◆ Dataset extract

=======

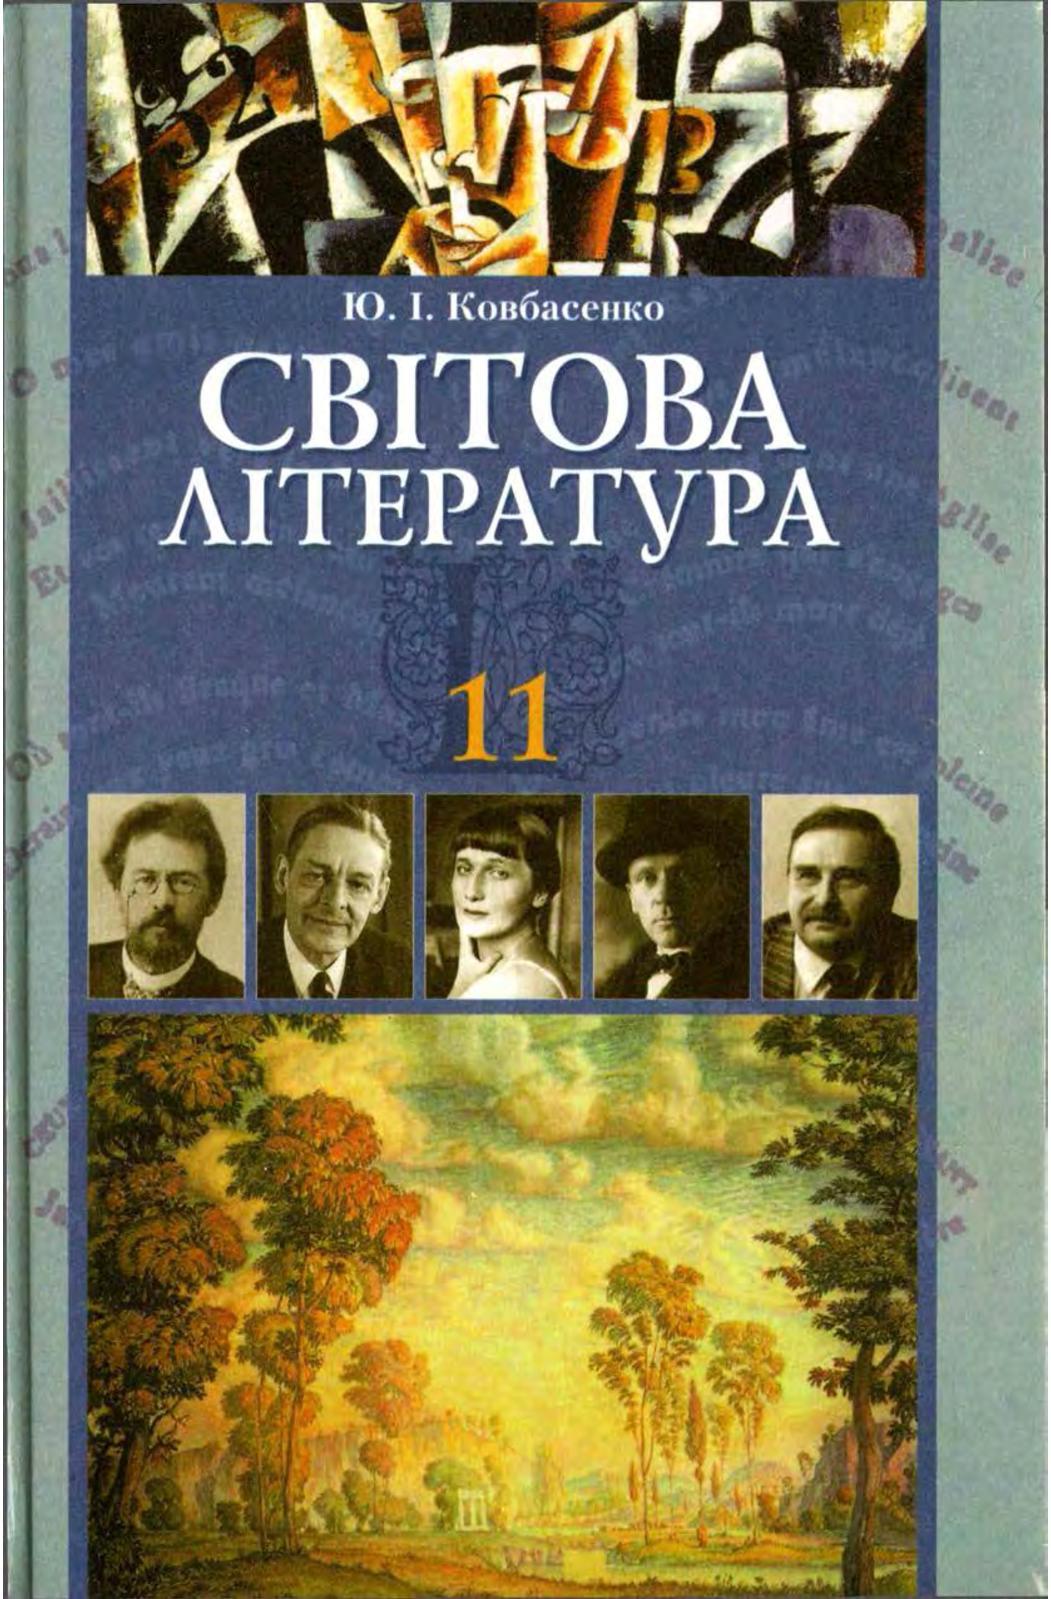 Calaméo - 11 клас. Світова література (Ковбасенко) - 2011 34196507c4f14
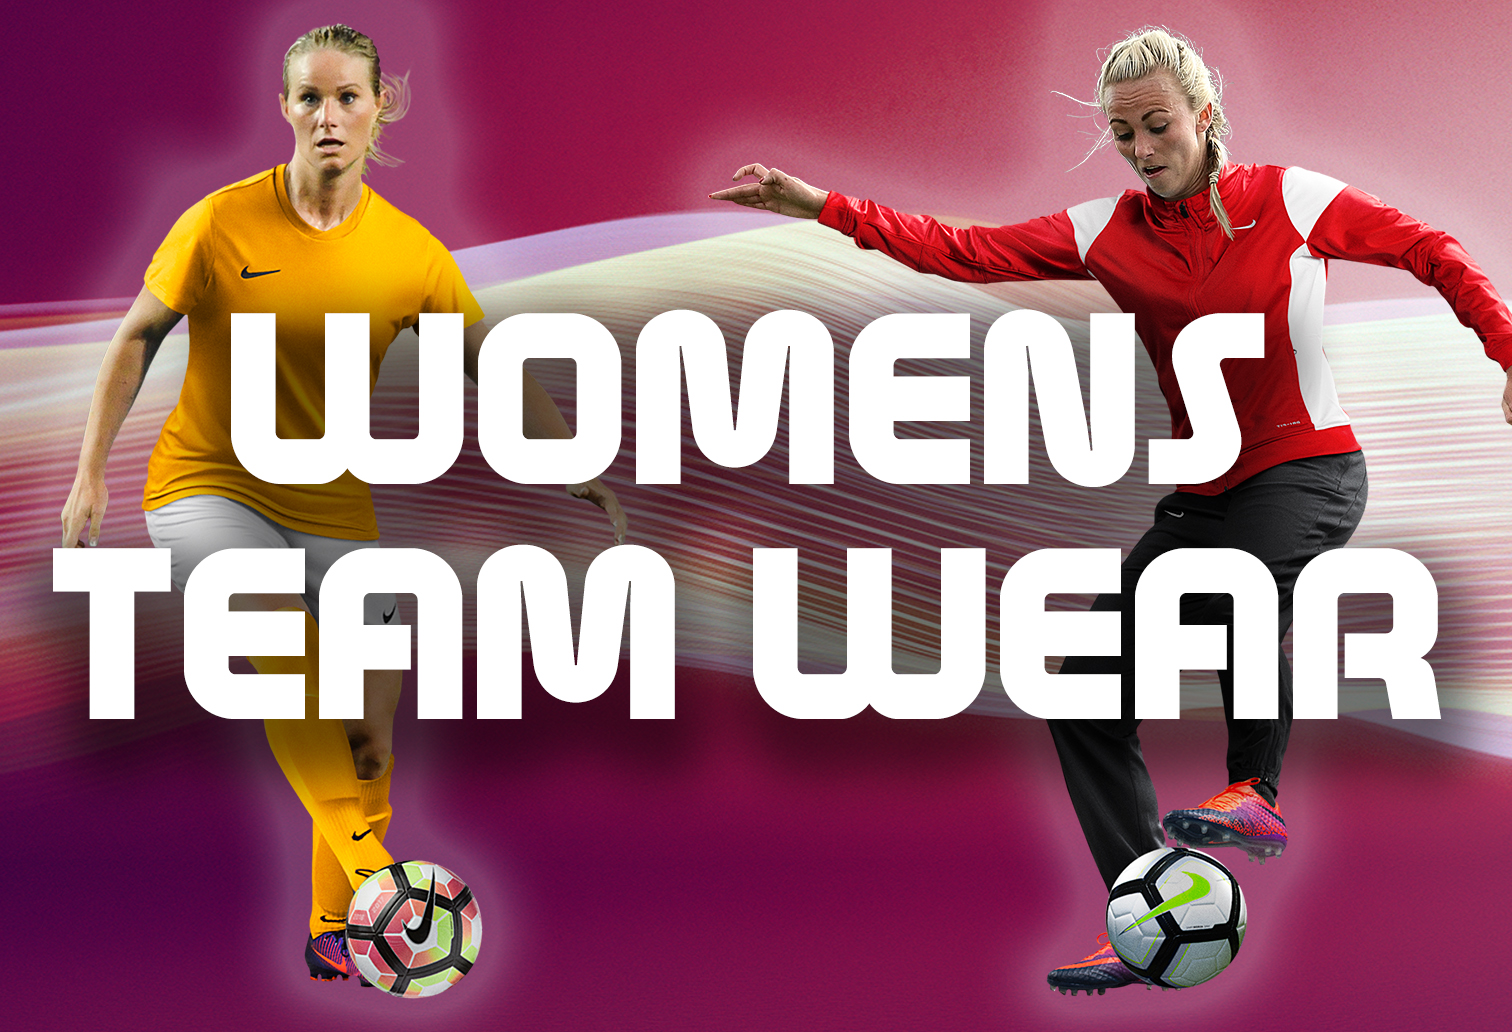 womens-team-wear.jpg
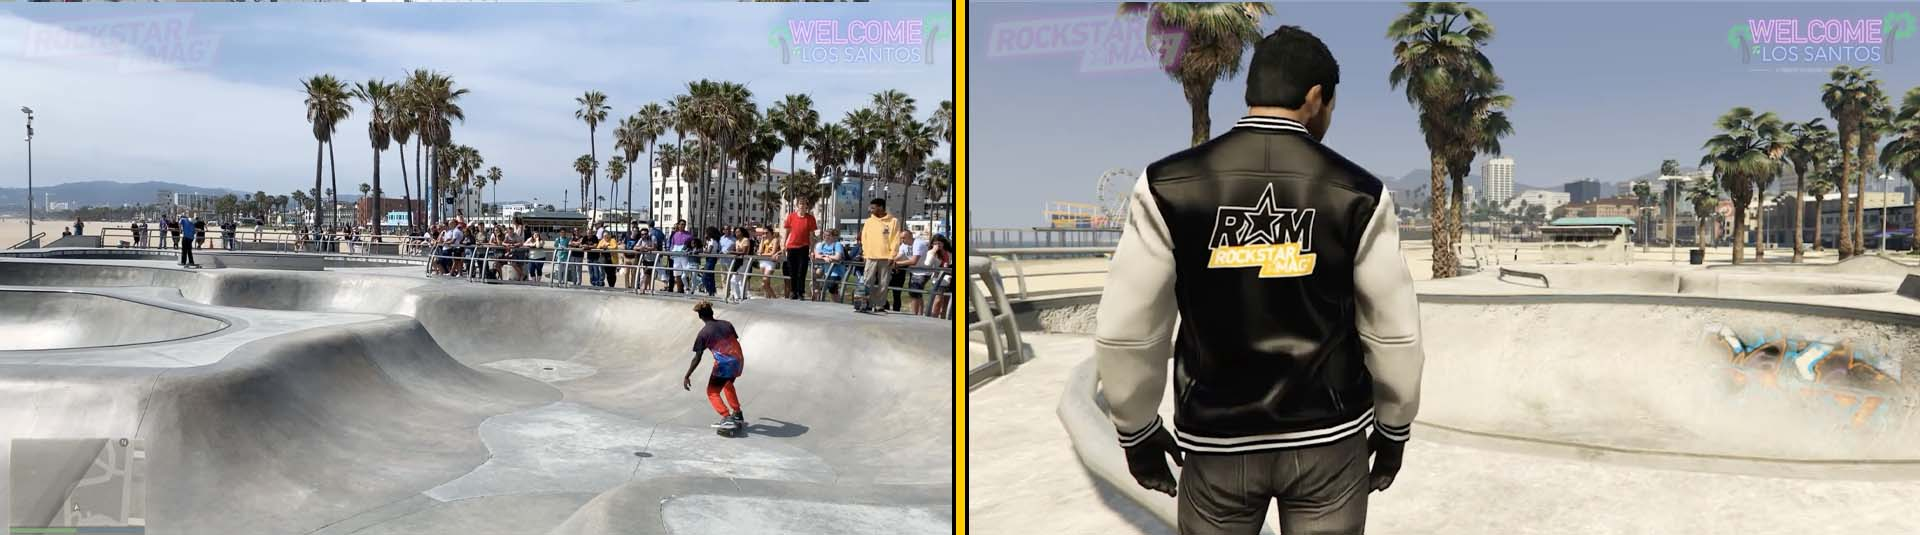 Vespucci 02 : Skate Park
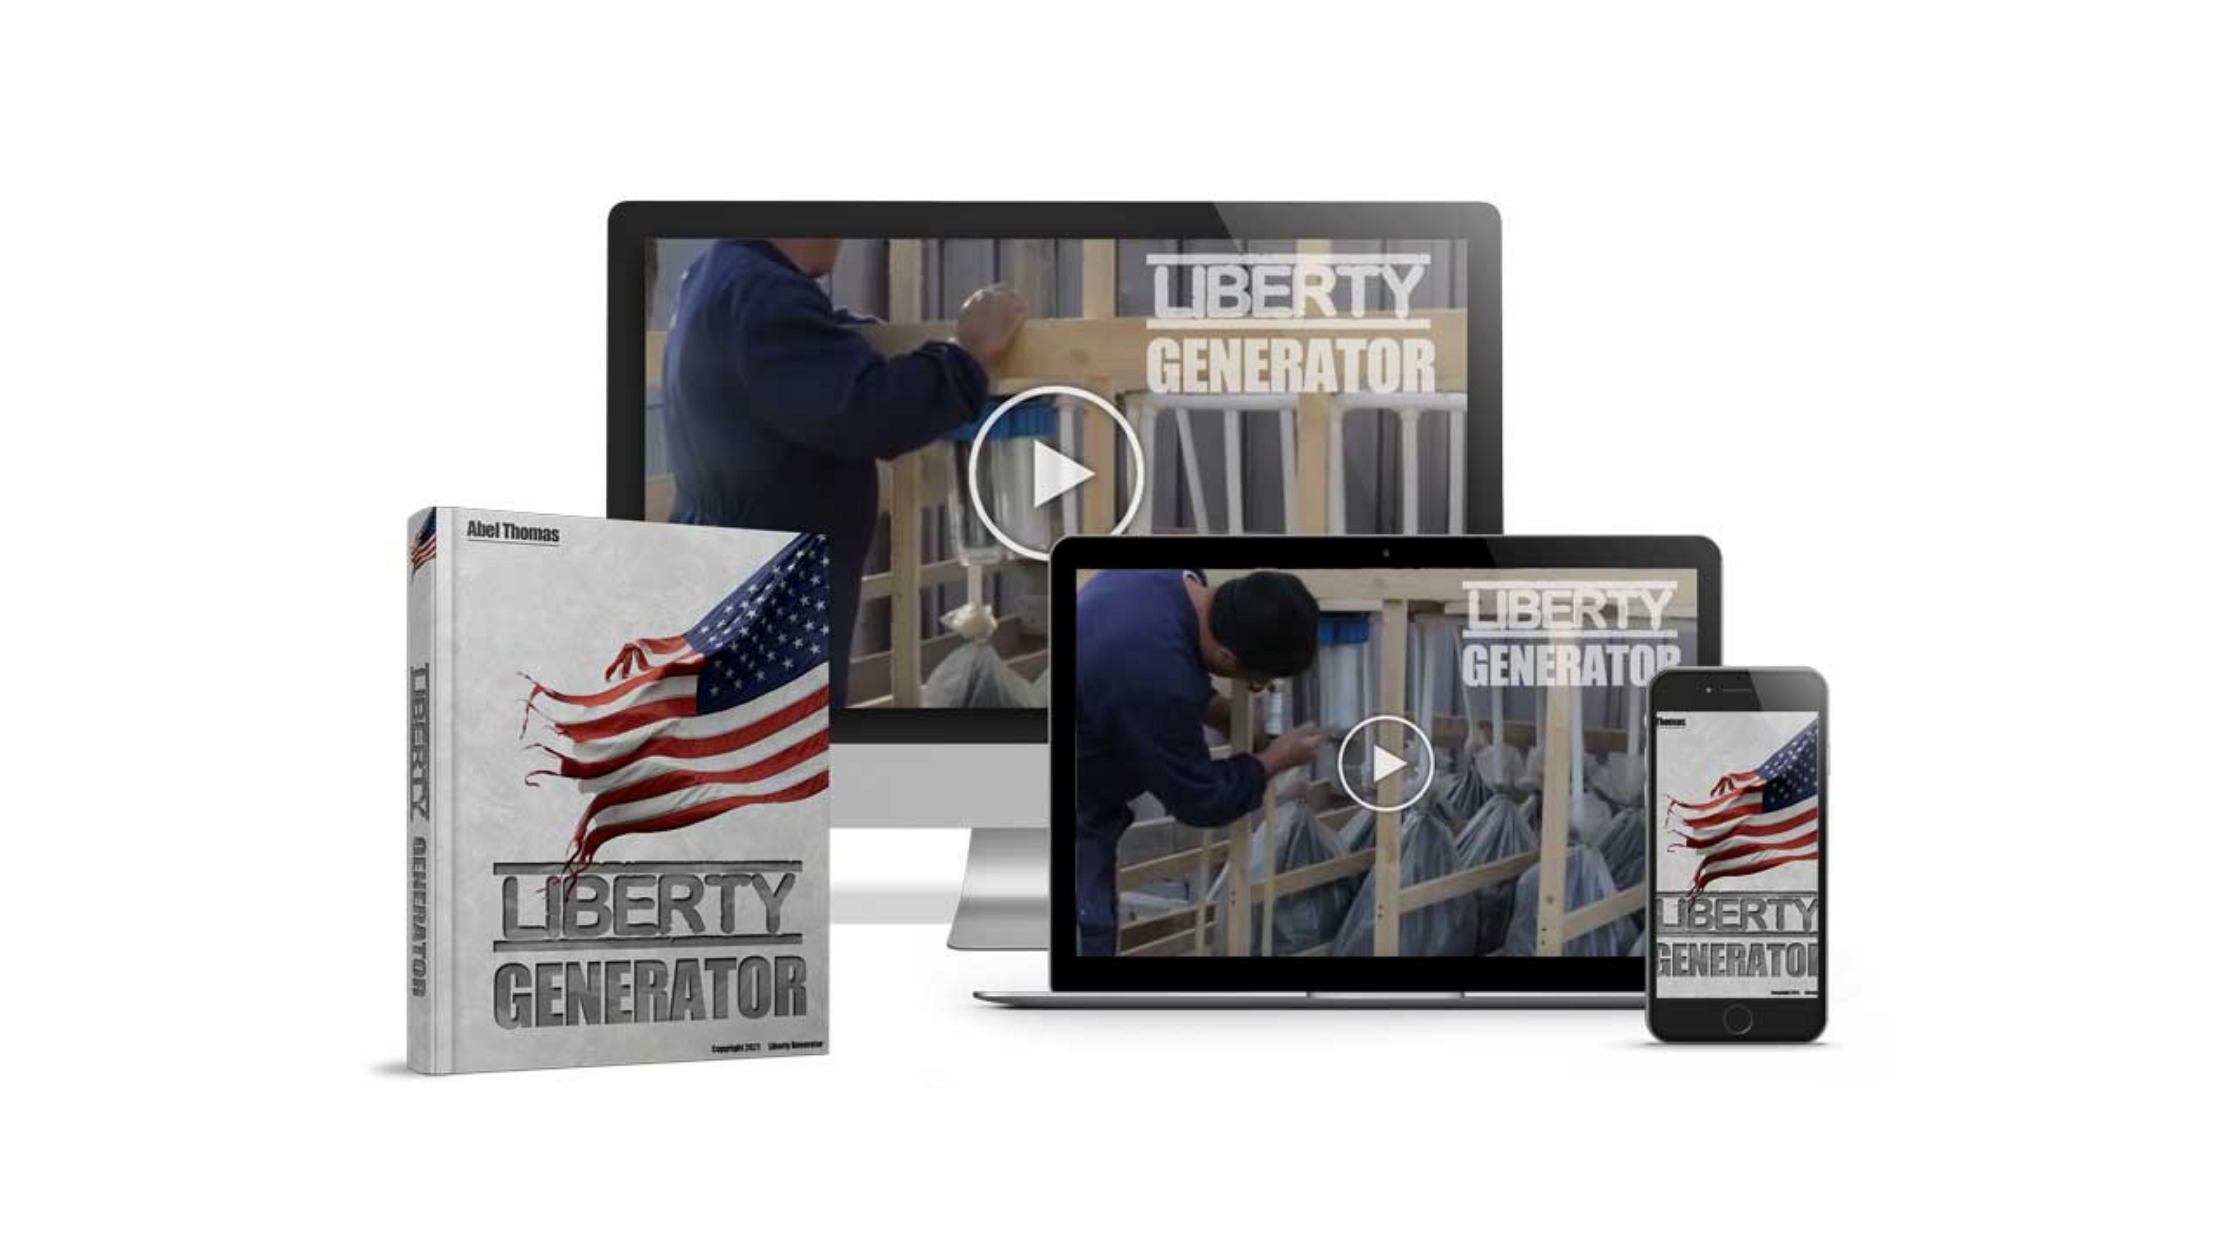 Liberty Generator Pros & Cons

=======

◆ Problem statement
Restate the listing above word for word, and skip the pictures.

◆ Response area
 Calaméo - 11 клас. Світова література (Ковбасенко) - 2011 34196507c4f14
 womens-team-wear.jpg
 Vespucci 02 : Skate Park
 Liberty Generator Pros & Cons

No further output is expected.